Aqui, mostraremos 13 maneiras de se reaproveitar esses alimentos. Se por acaso você não tiver tempo ou ajuda para fazer os produtos e aplicá-los ao novo fim, não tem problema, pois a maioria deles pode ser congelada para uso posterior. Vamos às receitas:
Casa
1. Limpeza de gordura: antes de usar os produtos considerados tóxicos, como detergentes, na cozinha, experimente o limão. Aplique, na área afetada pela gordura, os seguintes ingredientes: sal e bicarbonato de sódio. Então introduza limão espremido. Só tome cuidado para não utilizar a mistura em superfícies sensíveis, como as feitas de mármore. Atente também para, após a limpeza, lavar bem as mãos para que resíduos do limão não remanesçam em sua pele, pois o contato com o sol pode provocar queimaduras;
2. Limpeza interna de chaleira: sabe quando a parte interna da chaleira fica muito escura? Para limpar, encha-a com água e um punhado de cascas de limão e ponha-a para ferver. Assim que começar a borbulhar, desligue o fogo e deixe descansar por uma hora. Na sequência, é só escorrer e lavar bem;
3. Tecido corante: apesar de a fruta não ser tão comum no Brasil, cascas de romã são ótimos corantes vermelhos de tecido. Basta encher com água quente uma grande panela de aço inoxidável, adicionar cascas de romã e deixar em descanso durante a noite. Ferva a água com as cascas no dia seguinte e, em seguida, remova as cascas e adicione o tecido que você quer tingir de vermelho, mas ele precisa estar molhado. Ferva a roupa por uma hora e deixe-a esfriando durante mais uma noite. Remova-a da panela no dia seguinte, enxague em água fria e a partir daí lave-a com roupas de cores semelhantes;
4. Espante os mosquitos: Use em um daqueles velhos aparelhos repelentes de insetos que são ligados na tomada e substitua o tablete convencional por um pedaço de casca de laranja ou por alguma outra fruta cítrica qualquer;
Comida
5. Congele raspadinhas: se você fez um suco de limão, laranja ou de alguma outra fruta cítrica e as cascas sobraram, você pode ralá-las com um ralador e acondicioná-las no freezer em um recipiente adequado. Quando você tiver vontade, é só retirar as raspas do freezer e fazer sua raspadinha.
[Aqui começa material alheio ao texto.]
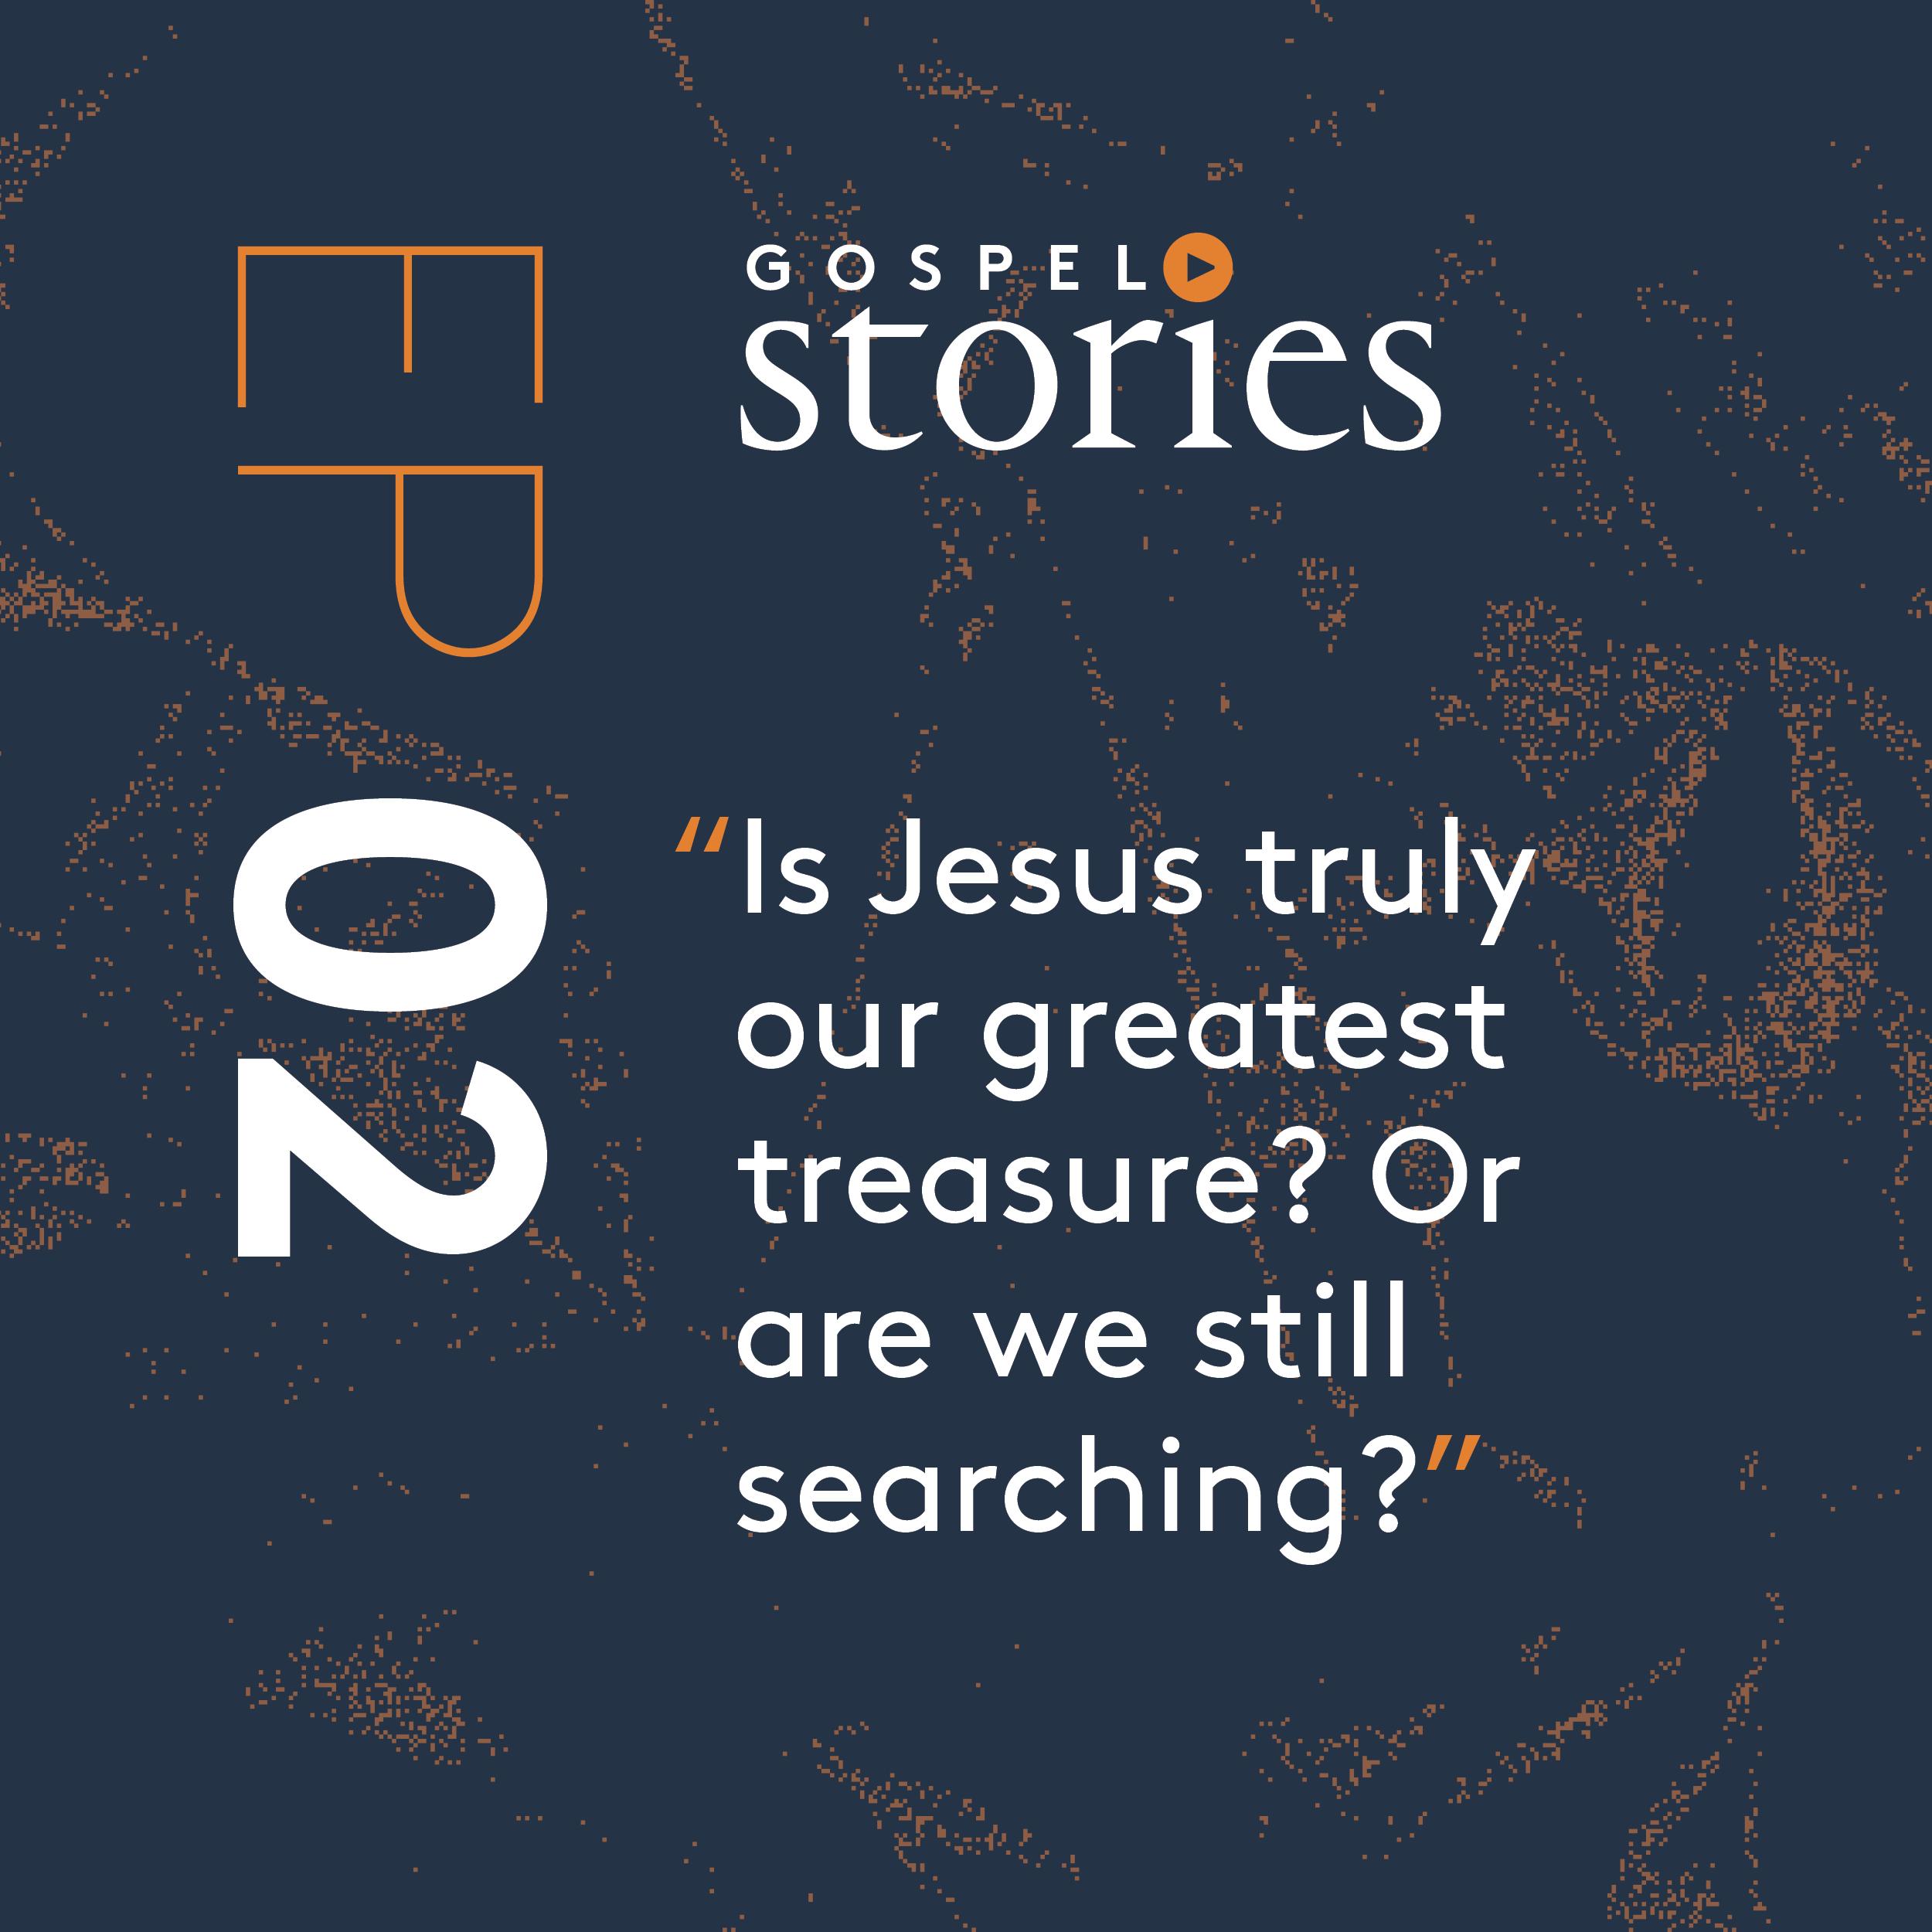 02_Gospel Stories.png

6. Azeite cítrico: triture cascas de frutas cítricas com um pilão (em um vaso de metal ou de madeira) com um pouco de óleo. Coloque em um frasco com mais óleo e deixe descansando por seis horas. Depois desse período, acondicione em um recipiente limpo para uso em sua salada;
7. Fazer batatas fritas: misture cascas de batata com bastante suco de limão e azeite. Espalhe as cascas de batata em camadas em uma assadeira e leve ao forno na temperatura de 400 graus, mexendo de vez em quando até dourar (cerca de dez minutos). Tempere a gosto;
8. Faça uma sopa: Ferva cascas de batata, de cebola, de cenoura, além de alho poró e de outros vegetais a gosto para fazer uma bela sopa. Salsinha e cebolinha também vão bem nesse caldo;
9. “Algo a mais” na sopa ou no caldo verde: cascas de queijo podem ser acrescentadas a sopas ou caldos para dar um toque especial no sabor e na textura;
10. Adicionar queijo às verduras: cascas de queijo podem ser acrescentadas às verduras refogadas. O sabor fica excelente;
11. Açúcar mascavo suave: se você é vítima do açúcar mascavo endurecido, tente adicionar casca de limão para mantê-lo úmido e maleável.
Beleza
12. Esfoliação de açúcar da banana: coloque açúcar na casca da banana e esfregue-a suavemente em seu corpo . Em seguida, basta enxaguar no banho;
13. Hidratar: esfregue a parte carnuda da casca de um abacate em seu rosto e você terá um hidratante muito eficiente.